In May, a class action suit against Rio Tinto by nearly 4,000 local landowners and residents affected by the mine’s former operations was announced. The case, funded by unnamed foreign investors, is seeking billions of dollars in compensation for the mine’s social and environmental impact, which includes contamination of agricultural land and waterways.
“Rio Tinto have had more than 50 years to do right by the people of Bougainville, more than 25 years since the end of the civil war, and they have not done so. We are tired of waiting for justice and tired of Rio Tinto alone deciding what is best for Bougainville through their legacy impact assessment,” the lead claimant, Martin Miriori, told Al Jazeera.
A Rio Tinto spokesperson told the media the company was reviewing the details of the claim.
But Bougainville’s Toroama has denounced the suit. “I strongly condemn this court proceeding and view it as targeted towards hindering Bougainville’s economic independence agenda … those Bougainvilleans involved in pushing this class action have committed treason in the highest form,” Toroama said on 24 May.
The lawsuit could interfere with a government-backed mediation process already under way between Rio Tinto and PNG and Bougainville stakeholders aided by the Australia-based Human Rights Law Centre. Through this initiative, Rio Tinto agreed to fund a Panguna mine impact assessment, which is due to make its first report in September.
Rio Tinto “will consider its position once it has seen the results … [But] there is a strong expectation from community and government stakeholders alike in Bougainville that following the release of the Phase 1 impact assessment report, Rio Tinto will commit to funding remediation of the huge problems left by the mine,” Keren Adams, legal director of the Human Rights Law Centre in Melbourne told Al Jazeera.
Communities living around the mine have suffered copper contamination of rivers and waterways, agricultural land rendered unusable by the dumping of mine waste and related health issues, such as respiratory illnesses and skin diseases.

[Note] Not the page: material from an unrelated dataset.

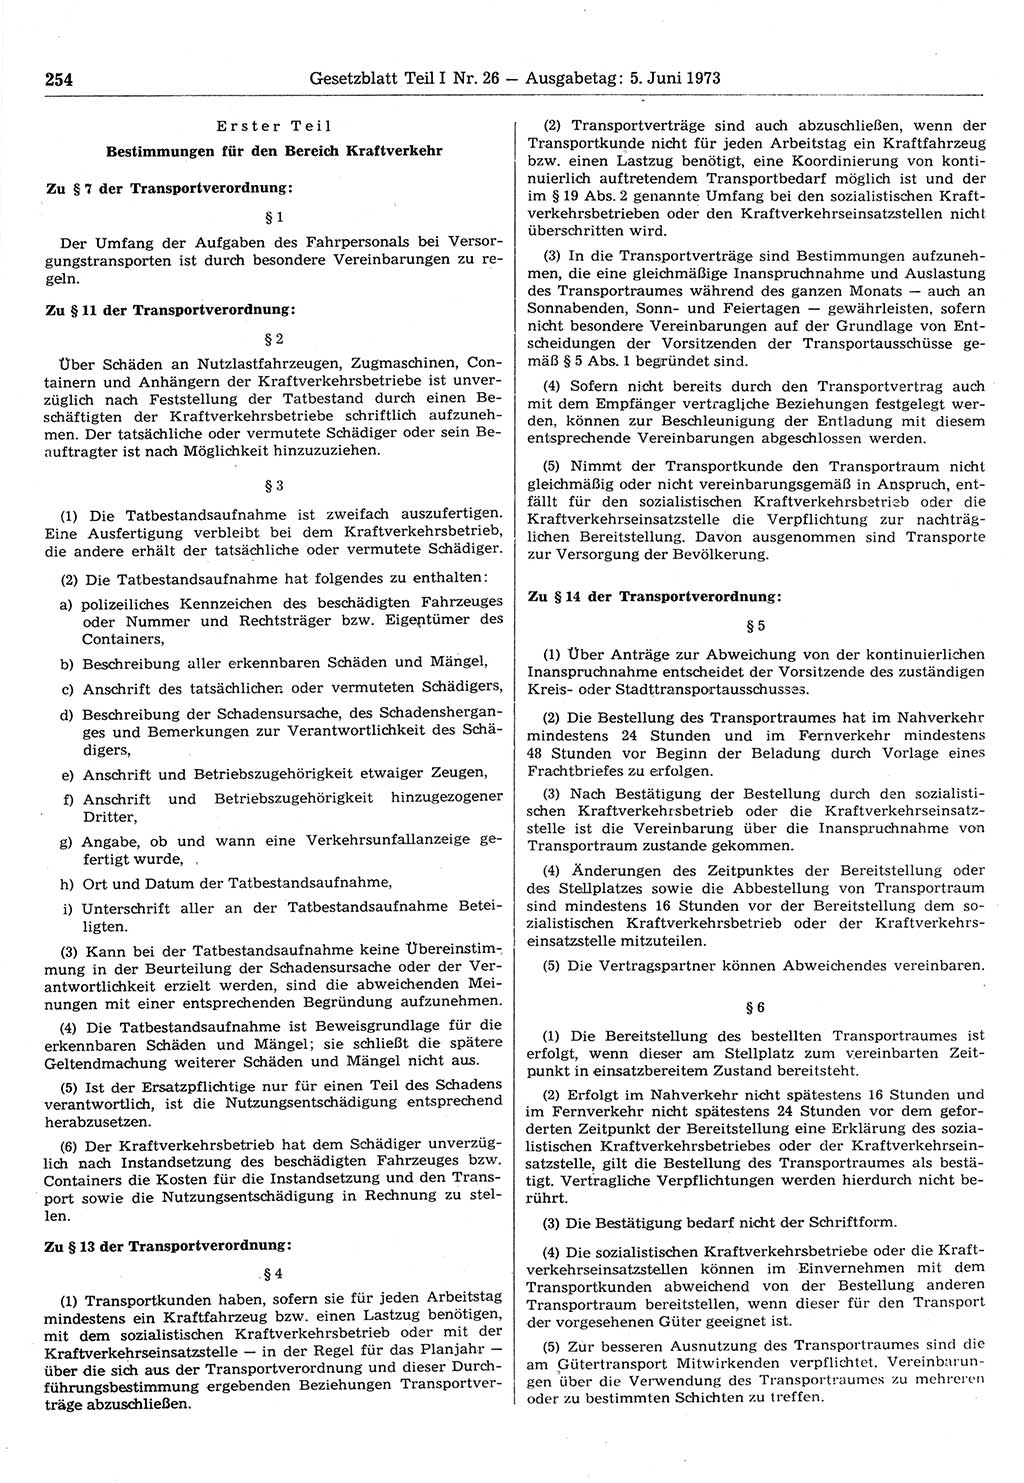 Gesetzblatt (GBl.) der Deutschen Demokratischen Republik (DDR) Teil Ⅰ 1973, Seite 254 (GBl. DDR Ⅰ 1973, S. 254)

Some residents in the Panguna area are wary of the lawsuit. “I do not support Panguna Mine Action because it’s a process that the majority of us are not aware of, as opposed to the legacy impact assessment, which is supported by the Bougainville and national governments. And we don’t know who the financial guarantor is … The implications of this are huge and risky,” Arwin said.
The Panguna mine, which the Bougainville government hopes to reopen, is seen as the only major source of revenue that could create economic self-sufficiency in the underdeveloped region, although it could take a decade and billions of dollars to rebuild.

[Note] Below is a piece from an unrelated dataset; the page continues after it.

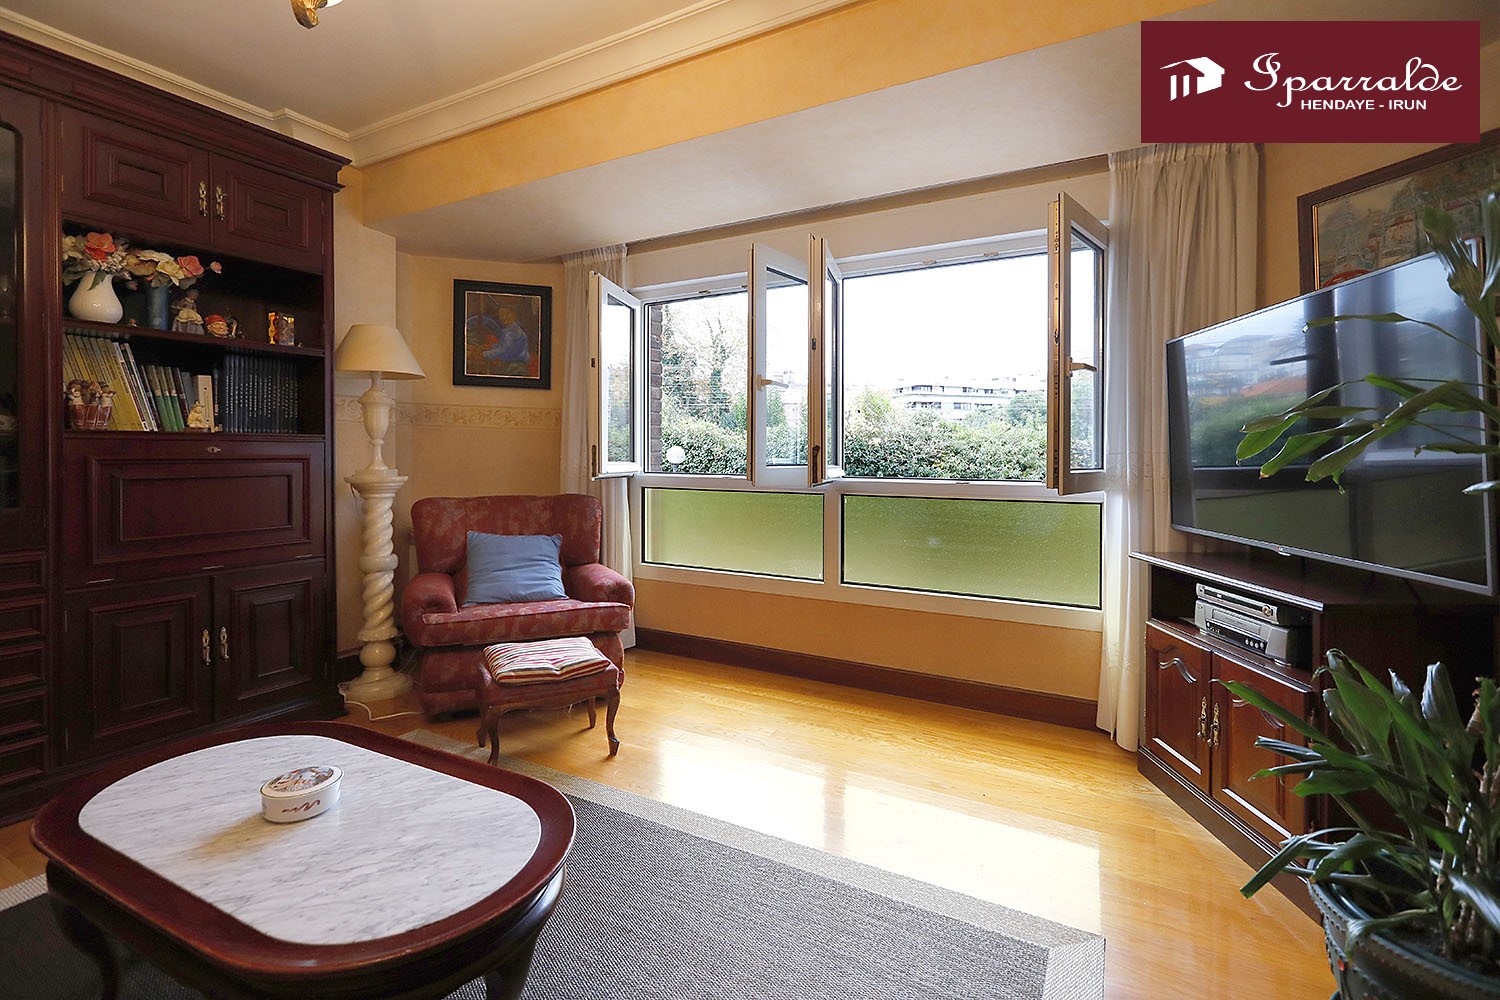 Bonito piso de tres habitaciones en zona Anzaran, luminoso y soleado....
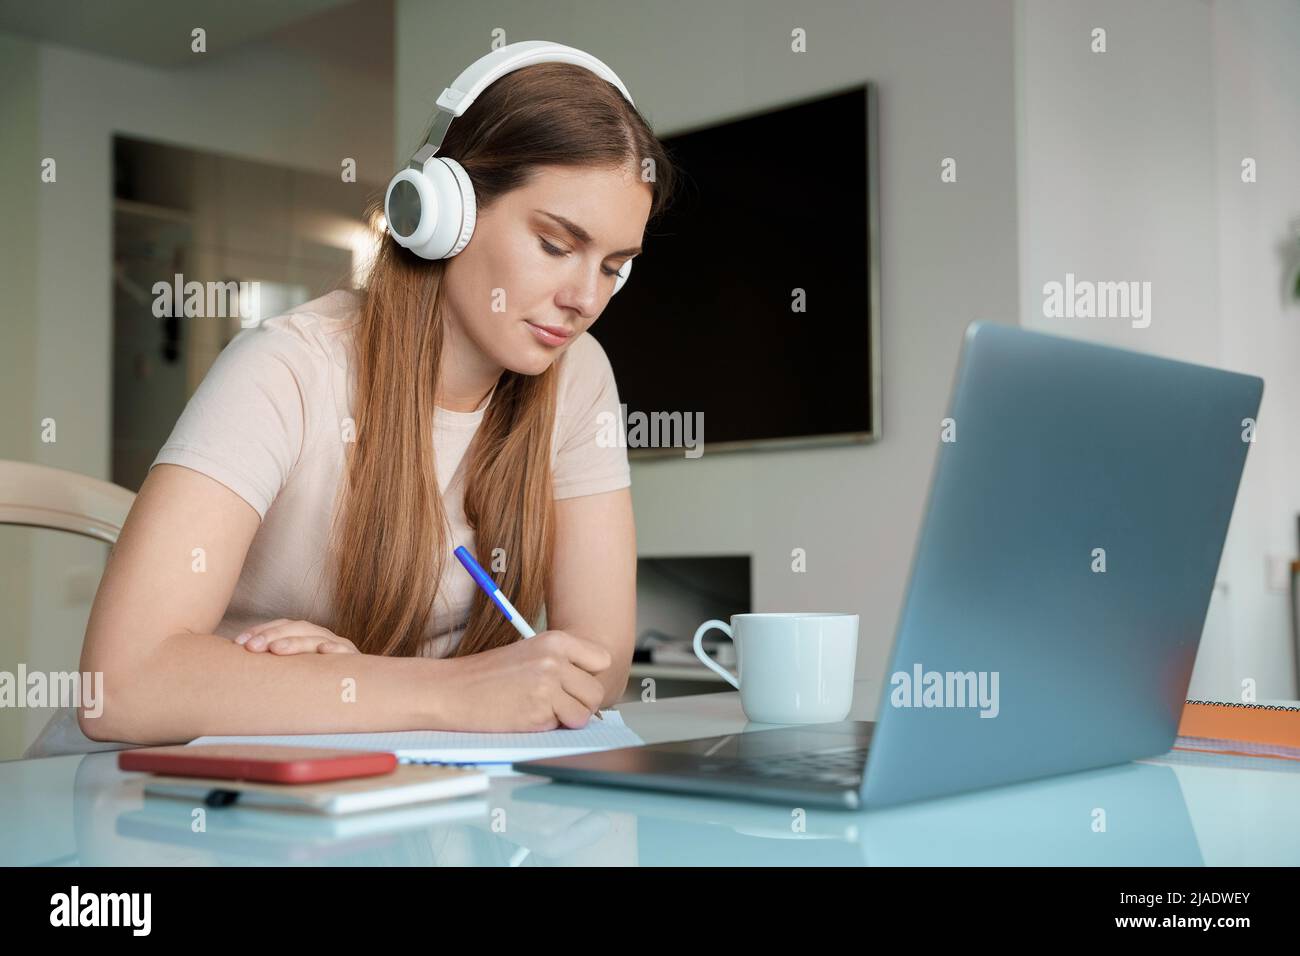 Femme adolescente dans un casque utilisant un ordinateur portable pour étudier en ligne à partir du bureau à domicile Banque D'Images

Only about 10 percent of Bougainville residents have access to electricity, while just 16 percent of households have proper sanitation. Its large youth population – an estimated 40 percent of people are aged under 15 years – face high unemployment. Less than 20 percent of the government’s budget this year came from internal sources, making the island financially reliant on the national government and international donors.
Some experts believe that if PNG does not grant independence, Bougainville might consider a unilateral declaration. Such a move would make international support – from donors and governments – even more important.
In November last year, Toroama visited Washington, DC, to seek support from United States President Joe Biden’s administration for the region’s political aspirations, and he has also publicly called for backing from Australia.